Letter on the Easter Rising

A Friend has asked me why I ascribe such importance to the ‘bloodletting’ of Easter 1916 as a reason for the ‘weakness and disorientation’ of the Irish Labour movement in the following six years, in view of the fact, pointed out by Brian Behan, that workers’ participation in the Easter rising was only a token participation.

The killed and executed of 1916 were few, but they were key men. The labour movement did not lack militancy in the years of the Anglo-Irish war and the Civil War – but it lacked a revolutionary leading cadre. All through that period we see the contrast between the spirit of the rank and file and the dead hand at the top.
 

Workers let down

J. Dunsmore Clarkson brings this out very clearly in his Labour and Nationalism in Ireland (1925). After the splendid one-day general strike against conscription, in April 1918, the Irish Labour Party leaders decided not to take part in the general election as an independent force! In April 1919 the executive let down the workers of Limerick, whose local general strike had tied up the city for ten days. The wonderful response to the call for a one-day stoppage, everywhere outside the Belfast area on May Day 1919, was not followed up.

When the dockers of Dublin and Dun Laoghaire and the railwaymen of Dublin in May 1920 followed the example of the Jolly George men in London, and refused to load or unload any military equipment, their leaders advised them ‘to offer to carry everything that the British authorities are willing to risk on the trains’.

The seizures by the workers of the creamery at Knocklone (Co.
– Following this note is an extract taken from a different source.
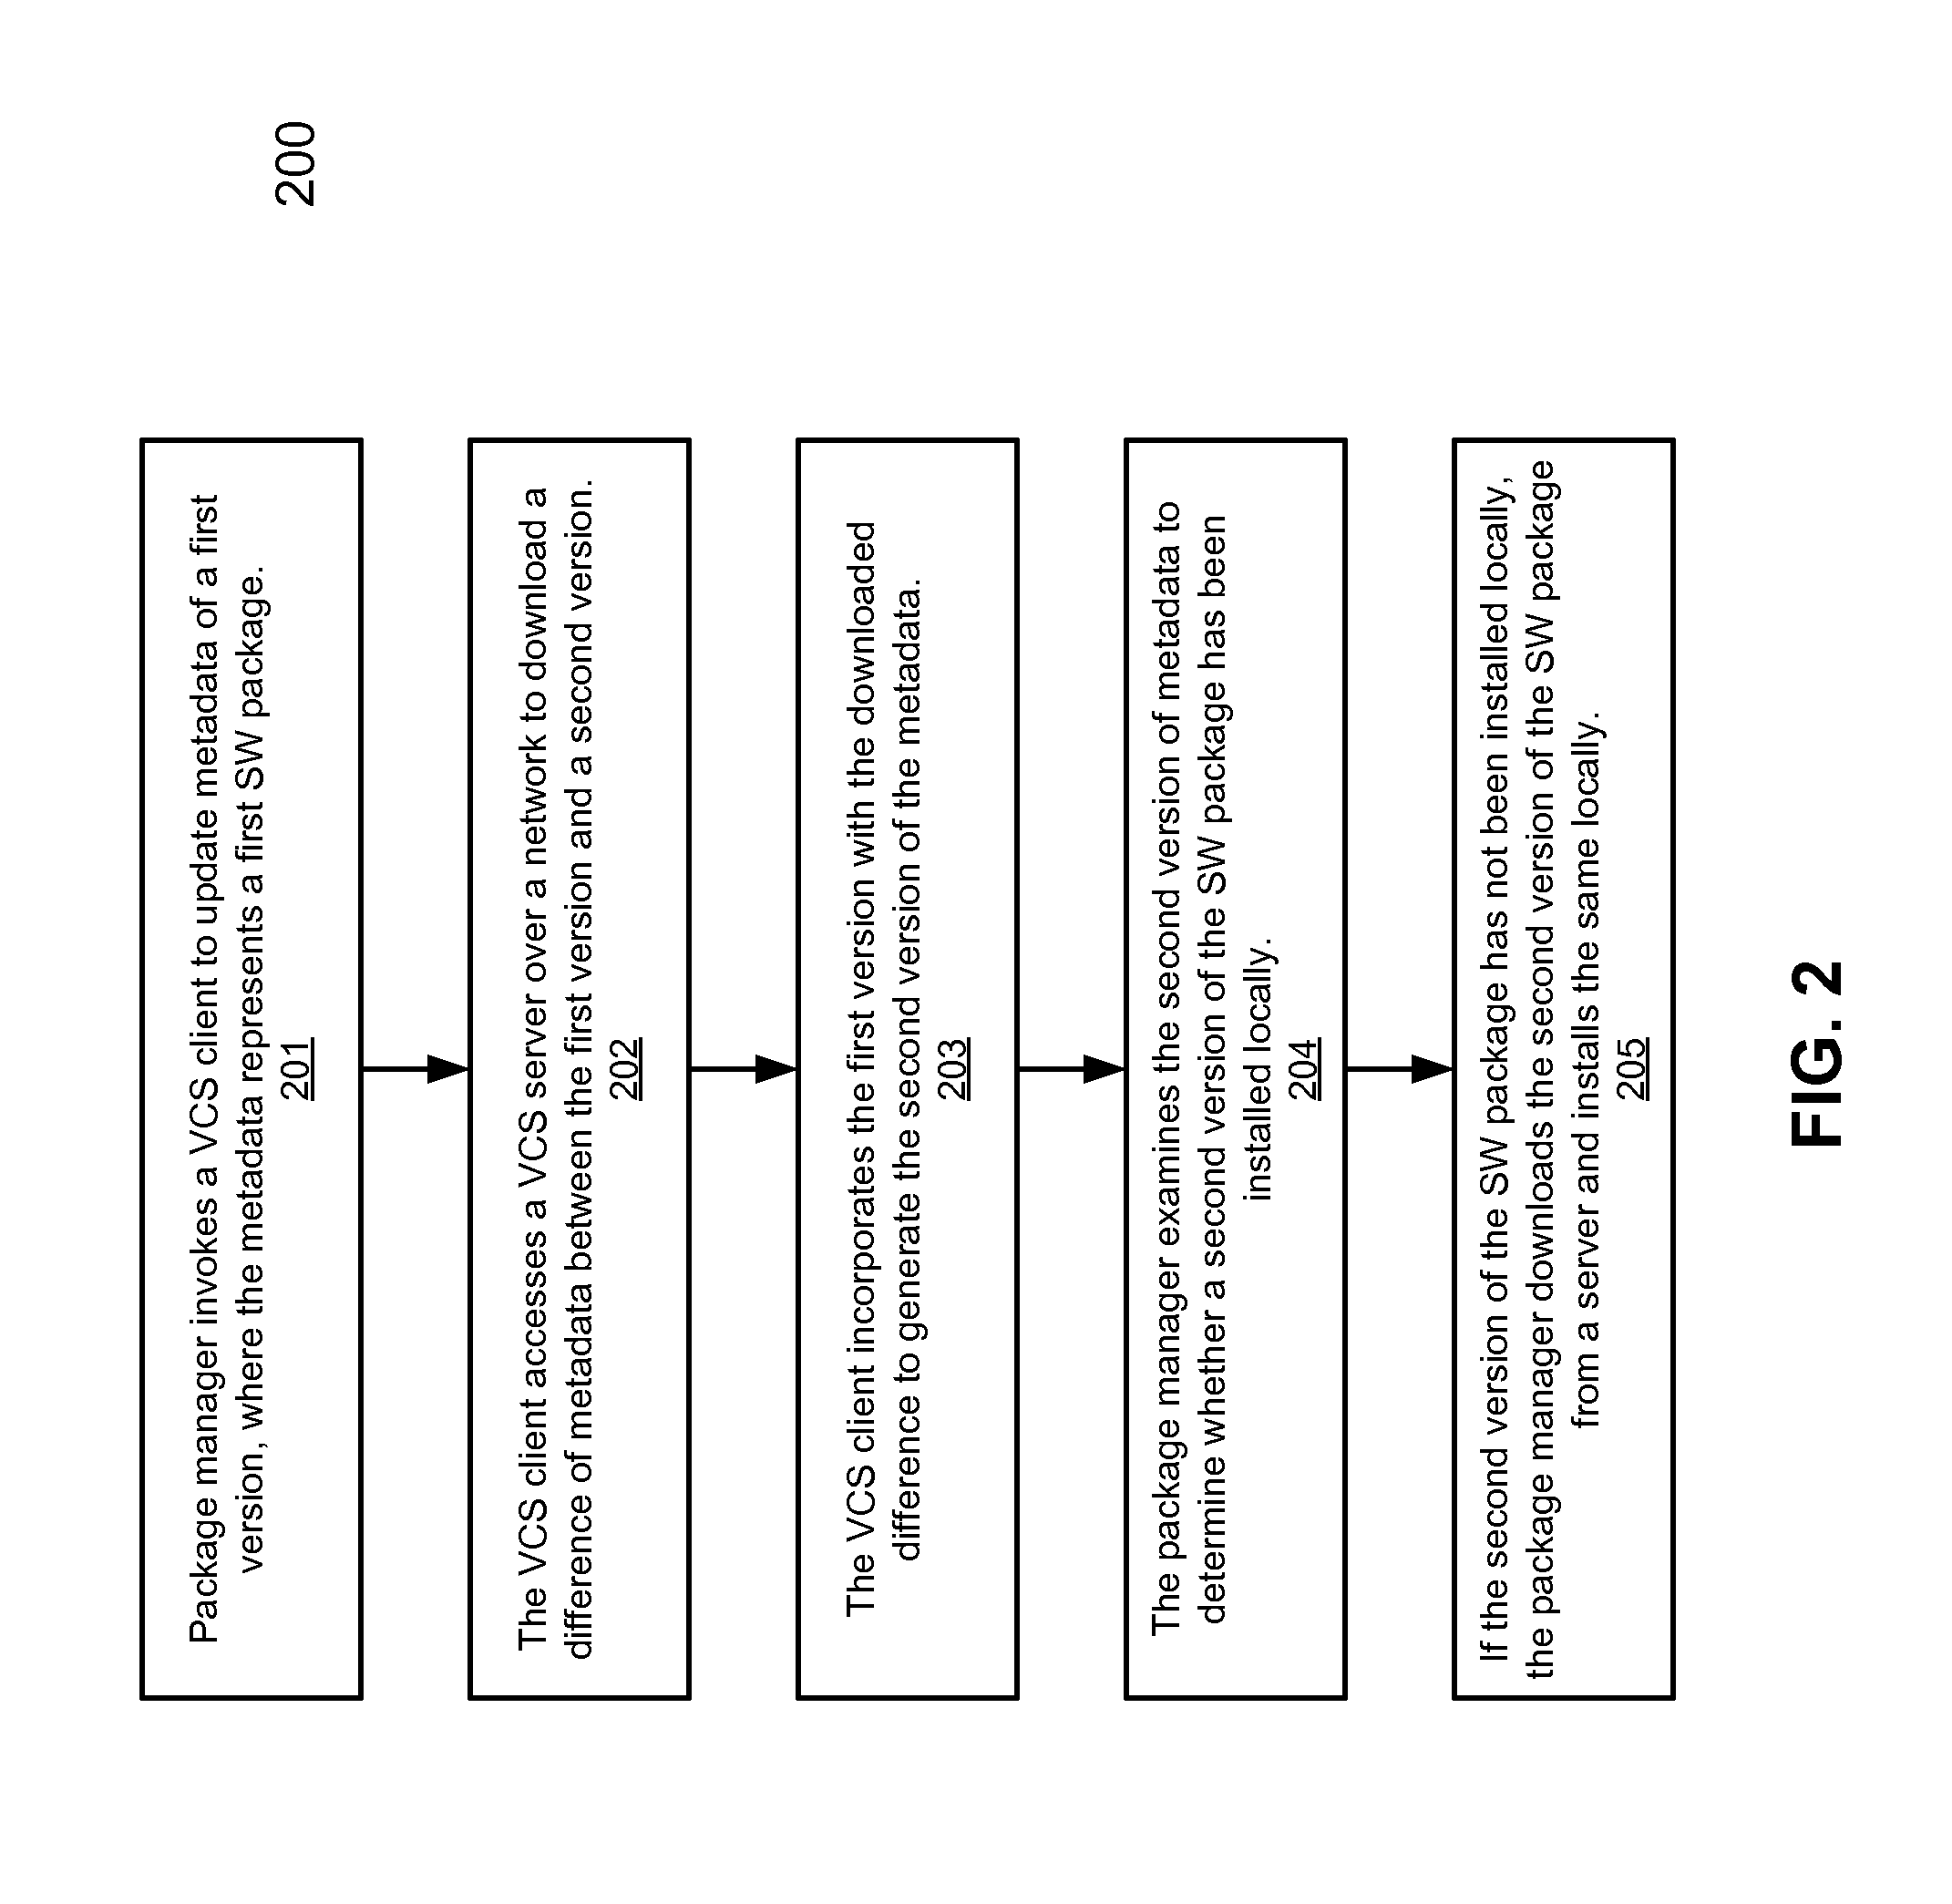 Methods for managing software packages using a version control system

Limerick) and the coal-mine at Arigna (Co. Leitrum) are merely the best-known incidents of many such that occurred in 1920, 1921 and 1922, expressing the desire of the rank-and-file workers to take over Irish industry. Clarkson writes: ‘A violent epidemic of seizures of industrial and even agricultural enterprises broke out. The executive committee of the Transport Union was seriously embarrassed; its members had no stomach for that sort of guerilla warfare.’
 

Ripe for revolution

Of the 1922 election he observes: ‘Coupled with the manifestations of undirected energy displayed by the trade union rank and file, the electoral figures seem to indicate that the country was reasonably ripe for the much discussed “social revolution”’. Thomas Johnson, the ablest of the Labour leaders, and most important official of the Labour Party and trades union congress, had no intention, however, of giving a lead in that direction. And so the boat was missed.

When the Free State government selected Liam Mellowes and the four men closest to him for a reprisal shooting in 1922, everyone knew that they had been selected because they were thinking along Connolly’s lines of linking the national struggle with the revolutionary struggle of the workers and poor farmers. The Irish capitalists correctly saw that they owed everything to the absence of a leading cadre worthy of the rank-and-file workers of Ireland – and they were determined to do their damnedest to keep things that way.